The US Federal Reserve’s Federal Open Market Committee (FOMC) 18 June announcement, which marked the midpoint of the US central bank’s quantitative easing (QE) tapering plan, left the Treasuries and agency mortgage-backed securities (AMBS) markets non-plused.
“We were not expecting a repeat of the second and third quarter of 2013,” commented Thomas Urano, a principal and managing director at asset manager Sage Advisory.
When the FOMC first floated the idea of tapering its monthly purchase of US$85 billion of Treasury and AMBS instruments in June 2013, it caused a temporary spike in the yields of 10-year treasury notes, rising to 2.75% from 1.65%, and leading to a sell-off as investors sought refuge in the US dollar.
Over the past 12 months, the market has been able to digest the FOMC’s tapering program, which it began in February with a monthly US$5 billion reduction in its purchases of both instruments and will end in October for Treasuries and in November for ABMS.
As long as the Federal Reserve repeats its QE purchases and follows its predictive path, we should see a post-crisis 2.5% to 2.75% growth in the US GDP after a weak first quarter and a rebound in second quarter, according to Urano.
“I think the market is comfortable with what Federal Reserve Chairman Janet Yellen is doing,” he added. “That’s why the yield on the ten-year Treasury notes dropped 40 basis points (bps) this year.”
Urano does not expect to see the Treasury or AMBS markets change that much for the remainder of the year.
Events in the Ukraine and Iraq might lead to a momentary flare up in volatility, he explained. “But stepping away from those issues, the dominant picture in the marketplace is whether central banks change their policies.”
Currently, the Federal Reserve is drawing down its economic stimulus by tapering its purchases whilst the European Central Bank is increasing its stimulus with negative interest rates for deposits.
“The net-net is that they wind up off-setting each other,” said Urano. “In the end, it winds up being the same-same for the rates market - low interest rates and a flatter yield curve.”
The only wild card Urano sees is if inflationary pressures accelerate faster and leave the Federal Reserve’s comfort zone.
“I think that would make the Fed a little more aggressive in its rate-hike cycle,” he added. “It’s hard to see inflationary pressures really accelerating to the point where the Federal Reserve becomes really uncomfortable with it.”
The recent Consumer Price Index (CPI), which measures the monthly price change in a basket of good and services for an urban consumer, published by the US Bureau of Labor Statistics, is higher than it has been over the past year.

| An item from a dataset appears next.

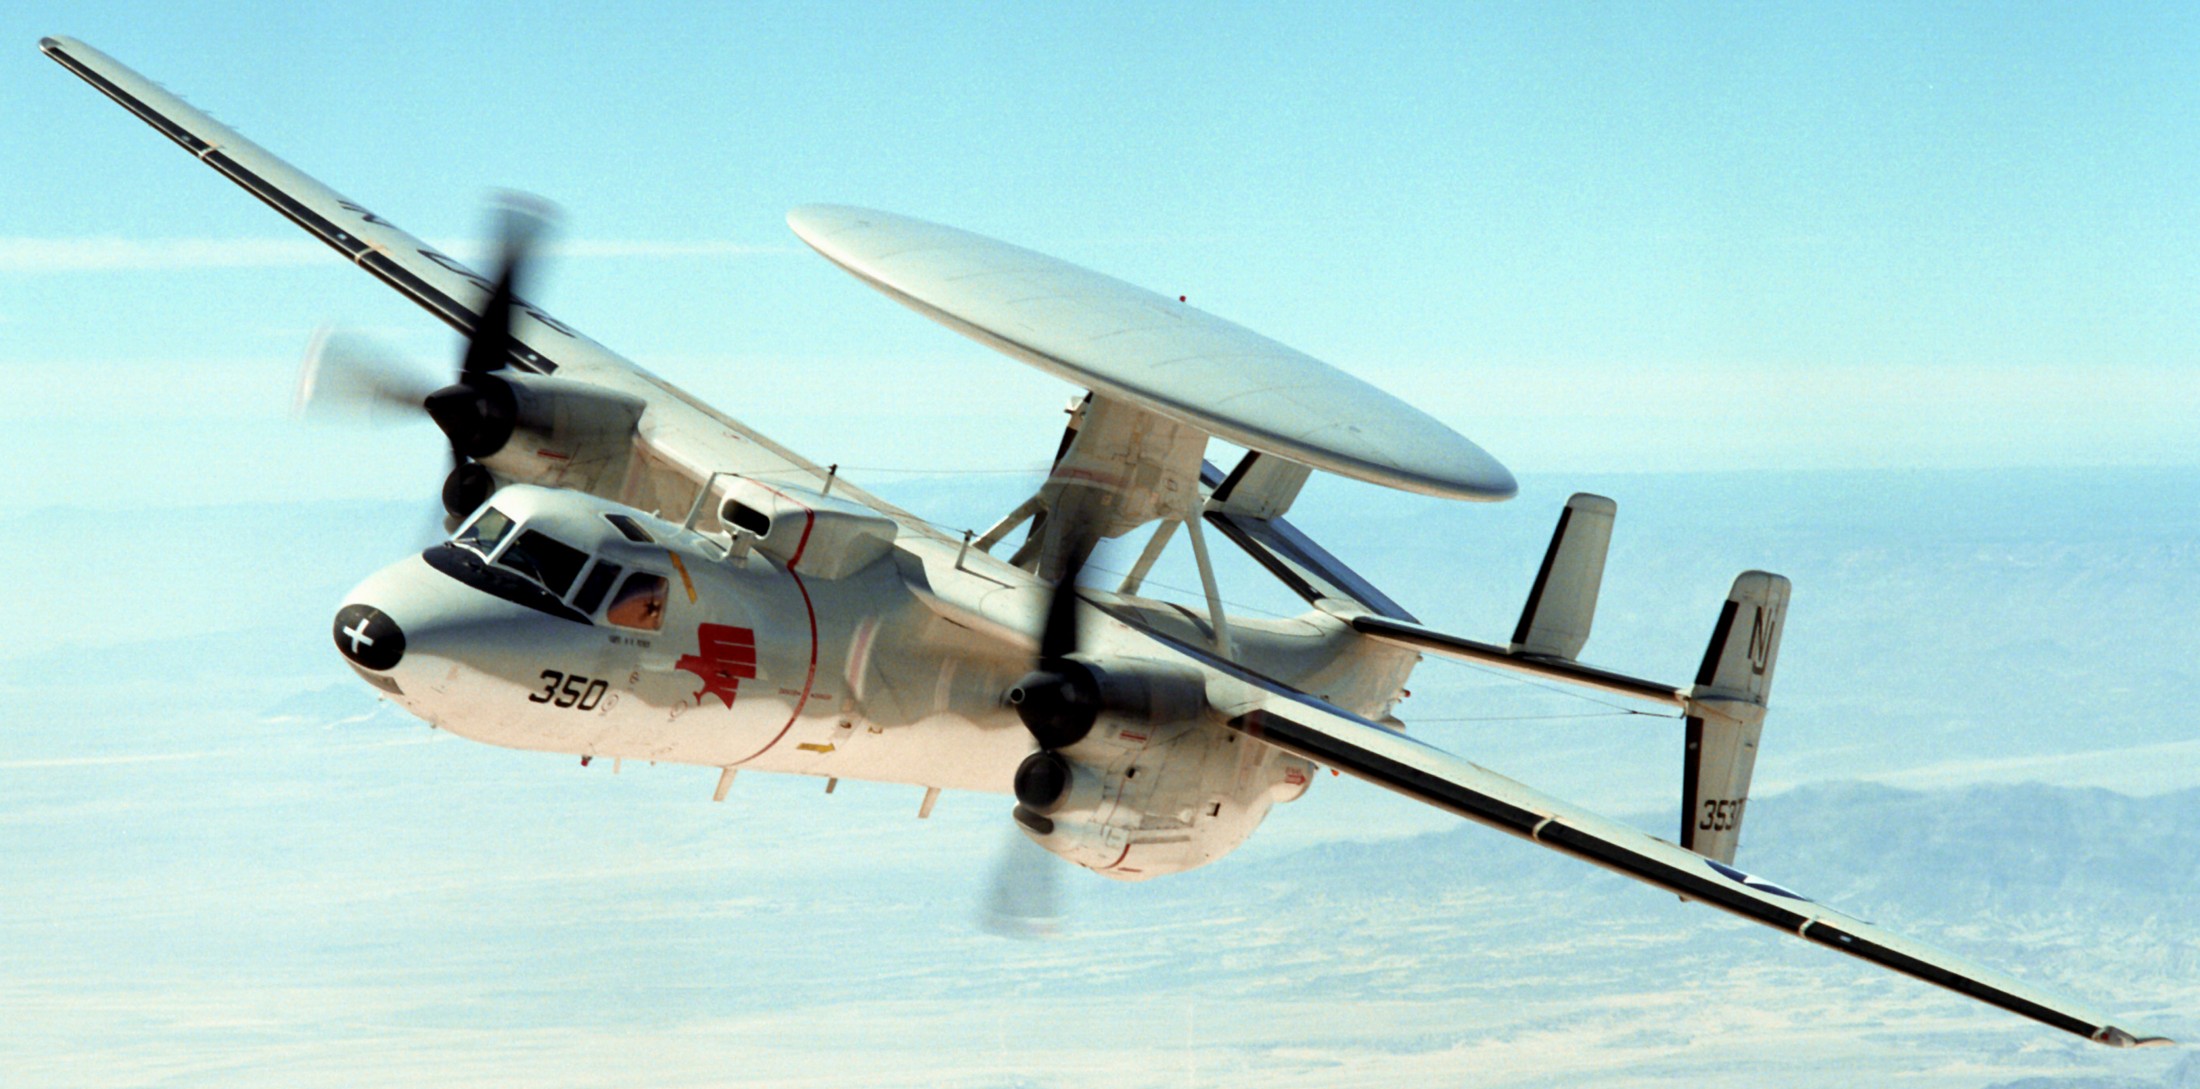 vaw-110 firebirds carrier airborne early warning squadron us navy reserve rcvw-12 grumman e-2c hawkeye 09 fleet replacement frs

"People are looking at the data and thinking that inflation is picking up, but it is not out of the Federal Reserve’s comfort zone,” stated Urano. “This tell us is that the Federal Reserve is willing to err and let inflation run a bit rather than tighten interest rate policy too early.”
Overall, Urano has not see a major change in the Treasuries or AMBS liquidity in terms of liquidity over the past six months.
As the Federal Reserve continues to reduce its regular monthly purchase of Treasuries, the US Department of Treasury is reducing the amount of debt it issues due to the shrinking Federal debt.
Additional demand for US Treasuries is also coming from marginal investors, who are leaving the European sovereign debt market due to the ECB’s negative interest rates policies.
By migrating to US Treasuries, these investors could pick up a potential 100 bps-return at the margin, according to Urano.
The current supply of ABMS instruments also is much lower that the market participants thought earlier this year, even with the Federal Reserve’s draw down, he added. “It still creates a positive against a supply versus demand in this space as well.”
In the meantime, Urano expects to see flatter yield curves as the Federal Reserve raises short-term interest rates. “Over the past few months we have noticed that the Federal Reserve has lowered the equilibrium from just above 4% to just below it, which is lower than it has been historically.
As a result, he expects that the yields on the 10-year and 30-year US Treasury notes will be rate bound from 2.5% to 3% and 3% to 4% respectively as long as the Federal Reserve’s planned interest-path holds.